В «Смерти Тарелкина» – ни малейшей загадки. Никакого притаившегося до поры недоразумения. Оно, всего лишь приоткрывающееся нам по мере чтения чеховского рассказа и звучания запойкинской речи, здесь заявлено сразу – да и не как недоразумение, но как рассчитанная авантюра. Сухово-Кобылину незачем приберегать юмористический эффект, и автоакафист Тарелкина с первых слов кричаще несоразмерен, шутовски незаслужен, издевательски (с точки зрения автора) гиперболичен.

Беспардонность, с какой о чем угодно можно сказать что угодно, явлена персонажем с великолепной наглостью, Торжественные, высокие, а в данном-то, едва-едва пореформенном, времени вдобавок политически и нравственно значимые слова (прогресс… преобразование… гуманность) идут по цене ниже некуда. Попросту не стоят ни гроша.

Мысль, которая к тому ж не может в особенности не задевать художника, имеющего дело не с чем иным, как со словом.
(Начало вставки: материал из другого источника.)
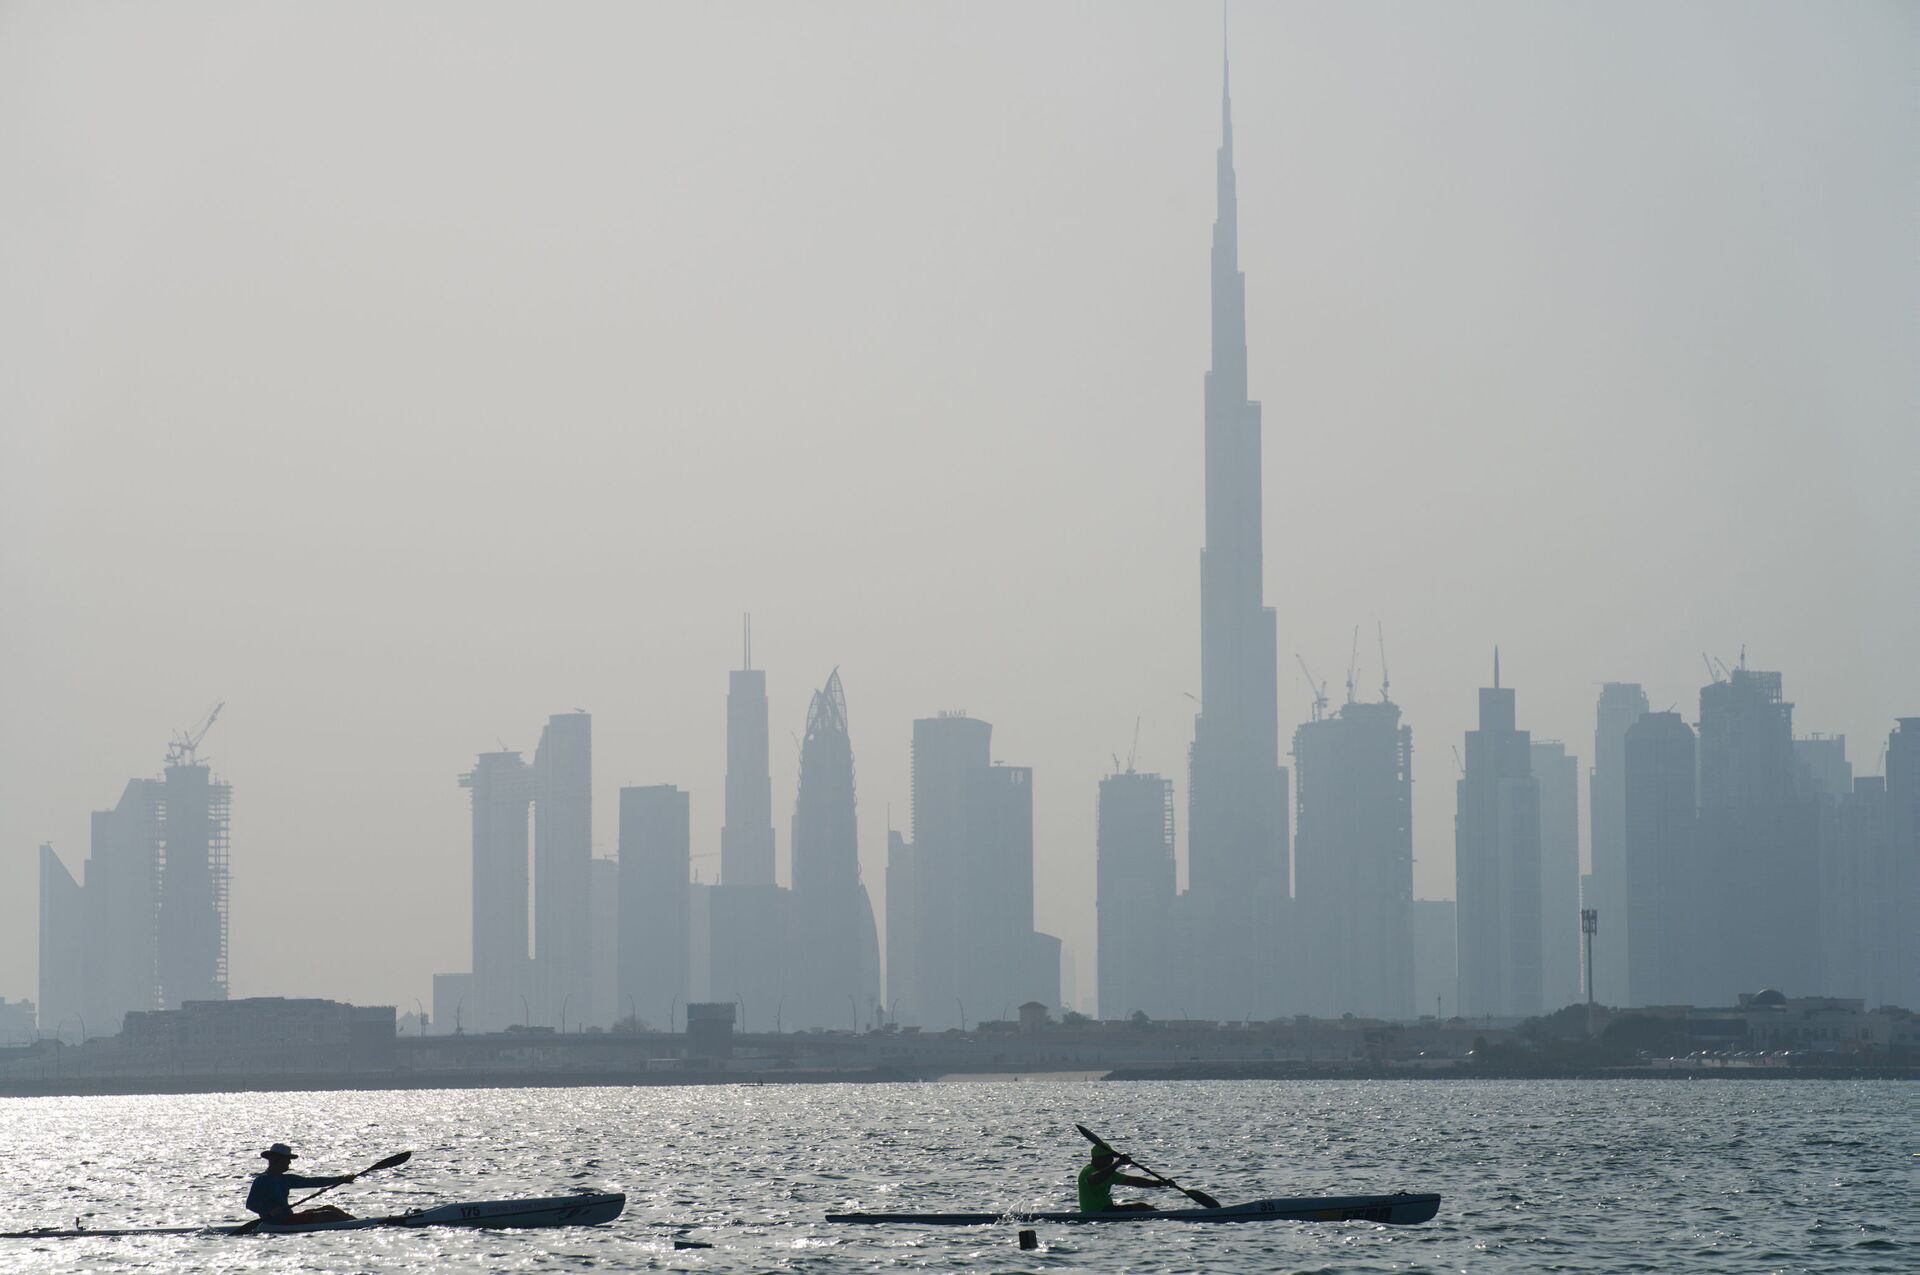 Kayakers race in front of the Burj Khalifa, the world's tallest building, off the coast of Dubai, United Arab Emirates, Friday, June 19, 2020 - Sputnik International, 1920, 07.09.2021

Лживый панегирик поддельного Силы Копылова, произнесенный ненастоящему покойнику над гробом, в котором его нет, – один из самых язвительных, самых яростных парадоксов на тему (если вспомнить Тургенева): нет ничего сильнее и бессильнее слова. И еще парадоксальнее – то, что комедия, в которой прорвался столь горько насмешливый скепсис по отношению к слову, сама стоит или, вернее, зыблется именно и прежде всего на нем. На игре им, на рискованных каламбурах, на двойственности значений, на метафорах.

К примеру…

«Нужда меня заела, кредиторы истерзали, начальство вогнало в гроб!..» – это вторая фраза, сказанная в комедии Тарелкиным, и метафоричность ее вполне невинна; она бытовая, общеупотребительная. Просто незаметная, как незаметна образность выражений: «идет снег» или «бежит время». Не станем же мы, не сойдя с ума, всерьез полагать, что нужда способна в буквальном смысле грызть, кусать, пережевывать, а кредиторы терзают человека, как профессиональные палачи или хищные звери. Точно то же, ни больше ни меньше, и с начальством, которое, разумеется, не вгоняло Тарелкина в тесовый или дубовый ящик, сбитый из шести досок и именуемый гробом.

Я потому повторяю эти сверхочевидности с такой назойливостью, что немного спустя тот же Тарелкин скажет, проклиная Варравина и угрожая ему: «Это ты, разбойник, вогнал меня живого в гроб!..», и на сей раз та же нехитрая фраза прозвучит иначе. Мы же успели к этому времени узнать о намерении Кандида Касторовича сыграть роль живого трупа и о том, что его кукла вкупе с ворохом – для убедительной обонятельной иллюзии – тухлой рыбы покоится в гробу.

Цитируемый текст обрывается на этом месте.